Now let’s take a look at the second point. According to the rules, ‘when landing on an un-owned property, a player has the option to purchase that property… If a player chooses not to buy the property, any player may bid any price to buy the property. The highest bidder receives the deed for the property’.

By taking this rule, and totally ignoring it, the only strategic piece of the game play has therefore just gone in the bin! You see, if you land on a property knowing that if you don’t buy it someone else will, possibly for a much reduced price, then you have to put some though in to what you’re going to do next.

For example: I land on Fleet Street, which costs £220. I don’t have any of the other cards in the set, but Peter, one of the three other players, has The Strand. Trafalgar Square is still up for sale. I could pay the money, but is it worth it. Can I persuade Peter to buy it from me and make a profit? Or perhaps try to make a deal for The Strand? Either way, because Trafalgar is still un-owned by either of us, then it’s a risk. Maybe I should let it go to bidding; Peter hasn’t a great deal of cash, but Sarah has, she may force the bid up. I doubt Tom will bother, he already owns quite bit of property, and is down to his last £50.

So, I let it go to the bid. Sarah pushed Peter to £300, and then Tom pounced with £310! Peter let Tom take the bid, thinking he would have to mortgage some of his properties to pay the bank. Unfortunately for Peter, Tom pulled a £500 note from under his edge of the board!

Playing this way has a marked effect on how the game plays; after all, it’s how it was designed! Firstly, because every property that is landed on is sold, the game moves at a good pace, lasting a fraction of the house-ruled game time. Secondly, it introduces a little bit of strategy and, dare I say it, skill! Trying to second-guess what others will do when bidding, is a major part of many modern auction games, and can add a lot of fun to the experience.
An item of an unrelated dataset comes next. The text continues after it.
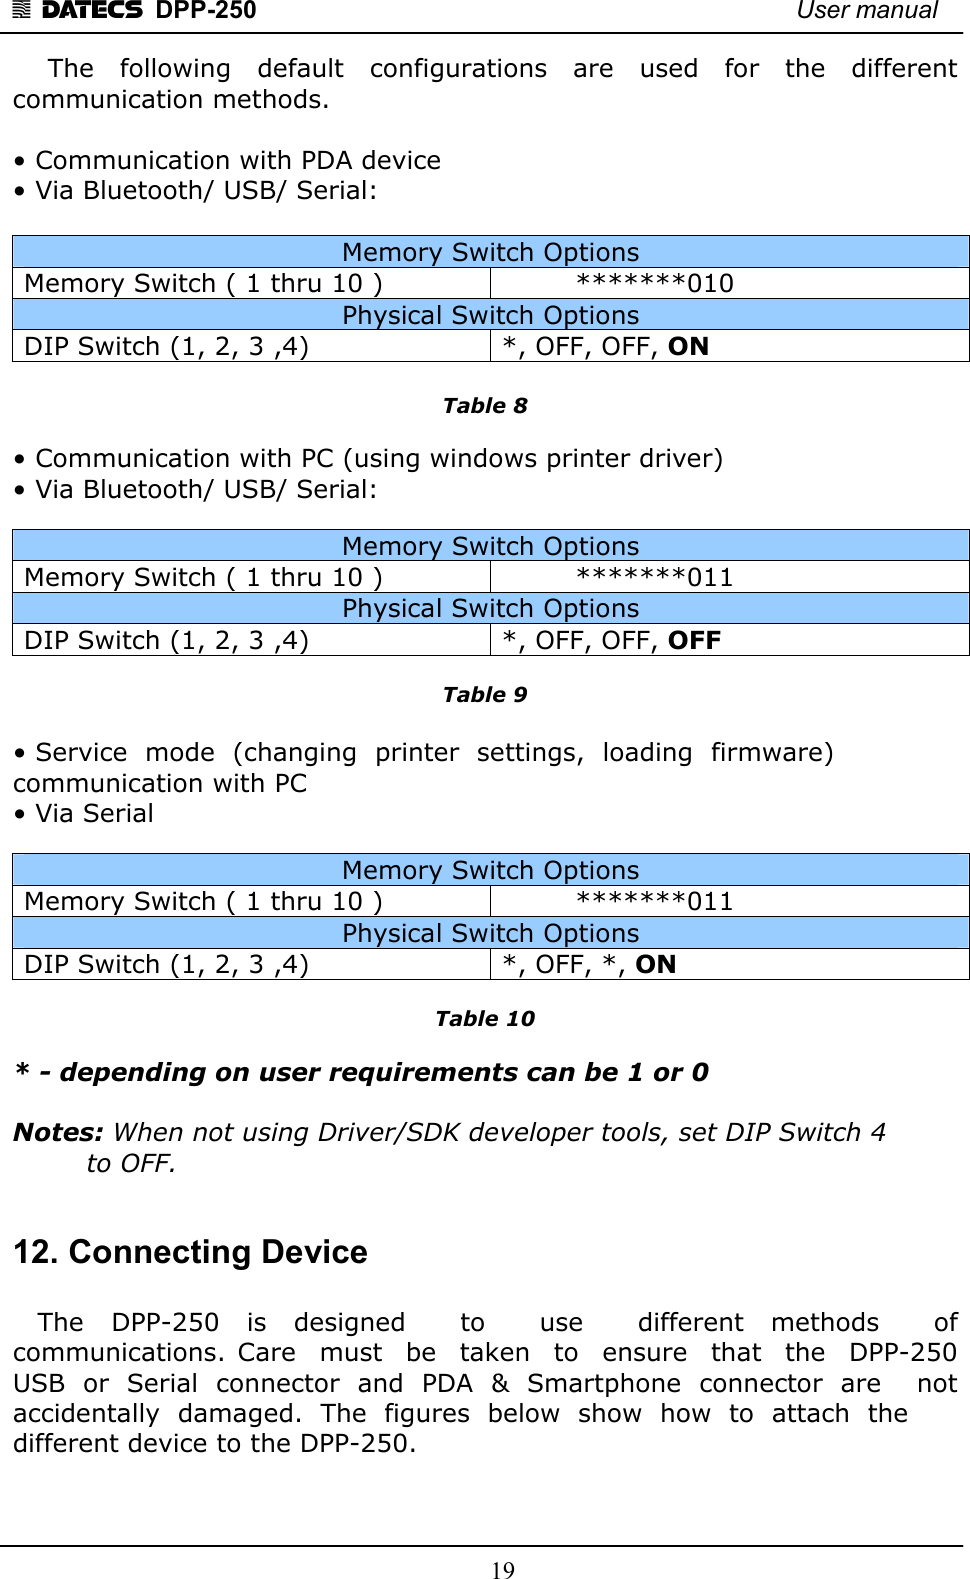 1 DATECS  DPP-250    User manual     19     The  following  default  configurations  are  used  for  the  different communication methods.  • Communication with PDA device  • Via Bluetooth/ USB/ Serial:  Memory Switch Options Memory Switch ( 1 thru 10 )  *******010 Physical Switch Options DIP Switch (1, 2, 3 ,4)  *, OFF, OFF, ON  Table 8  • Communication with PC (using windows printer driver)  • Via Bluetooth/ USB/ Serial:  Memory Switch Options Memory Switch ( 1 thru 10 )  *******011 Physical Switch Options DIP Switch (1, 2, 3 ,4)  *, OFF, OFF, OFF  Table 9  • Service  mode  (changing  printer  settings,  loading  firmware) communication with PC  • Via Serial    Memory Switch Options Memory Switch ( 1 thru 10 )  *******011 Physical Switch Options DIP Switch (1, 2, 3 ,4)  *, OFF, *, ON  Table 10  * - depending on user requirements can be 1 or 0  Notes: When not using Driver/SDK developer tools, set DIP Switch 4    to OFF.  12. Connecting Device      The  DPP-250  is  designed    to    use    different  methods    of communications. Care    must   be   taken    to   ensure   that    the   DPP-250 USB  or  Serial  connector  and  PDA  &amp;  Smartphone  connector  are    not accidentally  damaged.  The  figures  below  show  how  to  attach  the  different device to the DPP-250.

In conclusion, what I’m saying is, it’s not as bad a game as some make out. It really is a classic game; when it was originally designed in the early 1900’s, it was ground-breaking. Yes, it has become over published, with more variants than you can shake a stick at, and its lost original charm. But it can still lead to a good few hours of family time, even if you don’t play by the rules.

Monopoly Empire Box Art
Empire has different gameplay.

And the greatest thing about Monopoly? It has been responsible for introducing millions of people to board games. It is a game that parents introduce to their young children, mainly because they had it when they were kids; with all its versions there is bound to be one that will grab the interest of any child, and it may lead them to play other games. So, for this reason alone, maybe Monopoly is the greatest game…Ever!